Locate the line that contains "Belgium, 1948-1949, Service" in the entries below, then repeat it and every following line through the line that contains "MGP MGP VX9 Pro Black Out Scooter 4", exactly, and no others.

--- DATA SUPPLIED Enclosed Below ---

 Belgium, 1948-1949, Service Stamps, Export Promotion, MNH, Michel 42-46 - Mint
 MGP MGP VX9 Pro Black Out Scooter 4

--- End of Enclosed DATA SUPPLIED ---
--- DATA SUPPLIED Enclosed Below ---

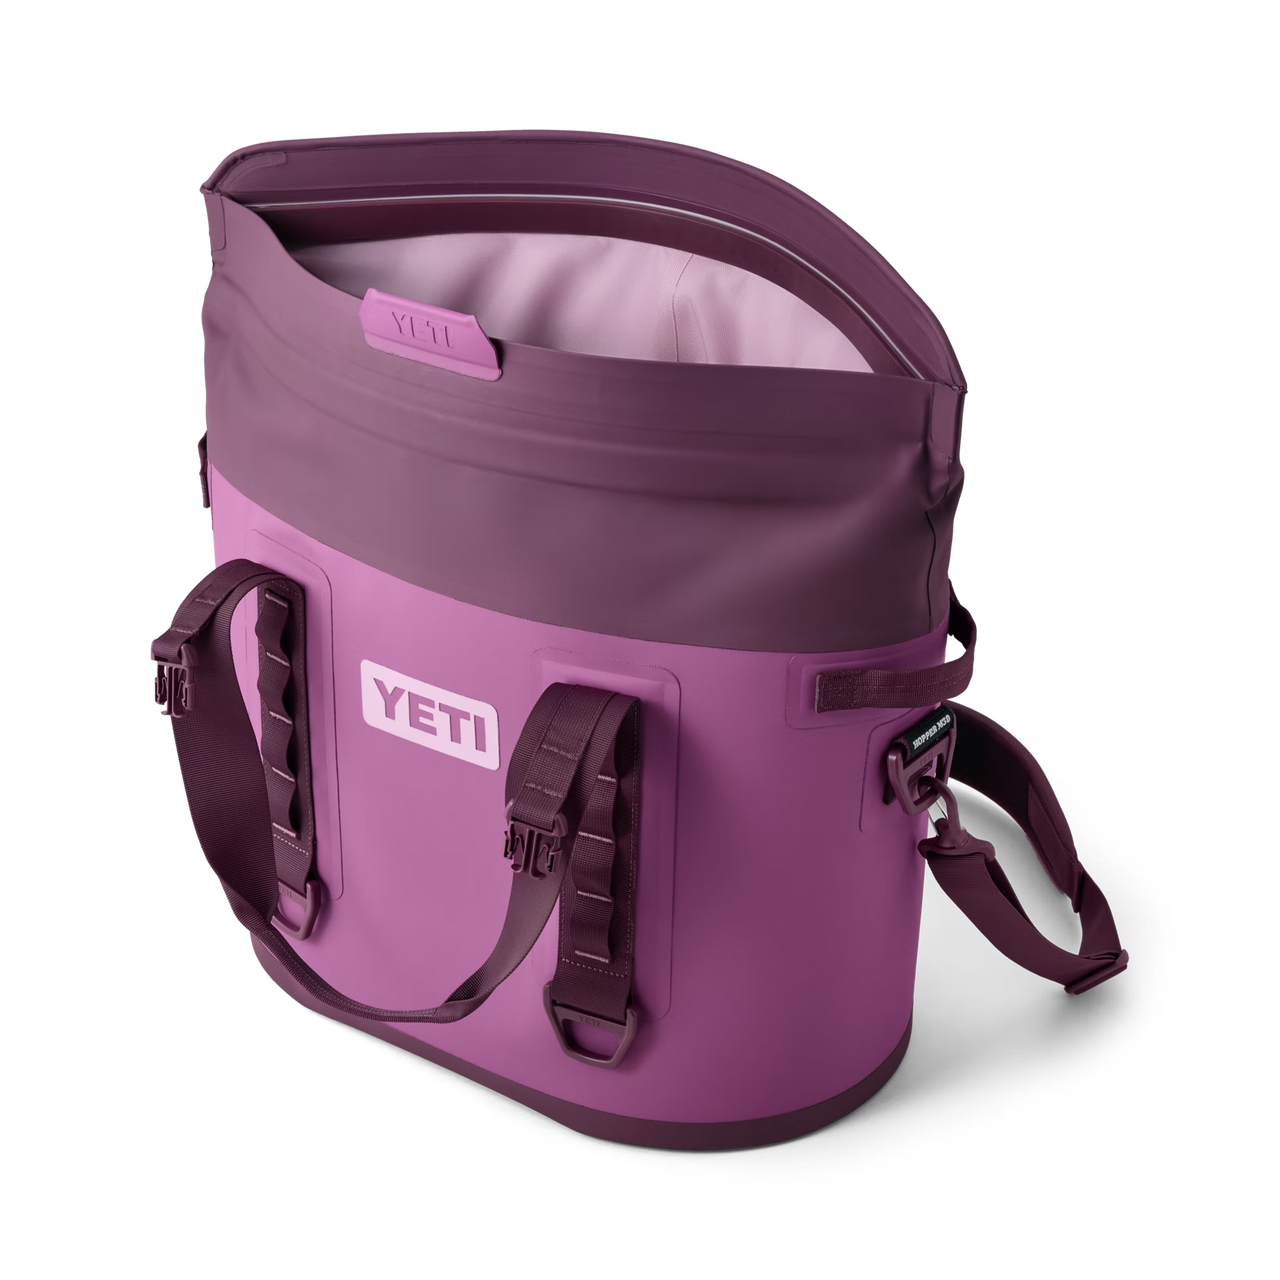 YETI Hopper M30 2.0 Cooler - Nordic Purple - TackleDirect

--- End of Enclosed DATA SUPPLIED ---

WRITTEN SOLUTION
 Belgium, 1948-1949, Service Stamps, Export Promotion, MNH, Michel 42-46 - Mint
 MGP MGP VX9 Pro Black Out Scooter 4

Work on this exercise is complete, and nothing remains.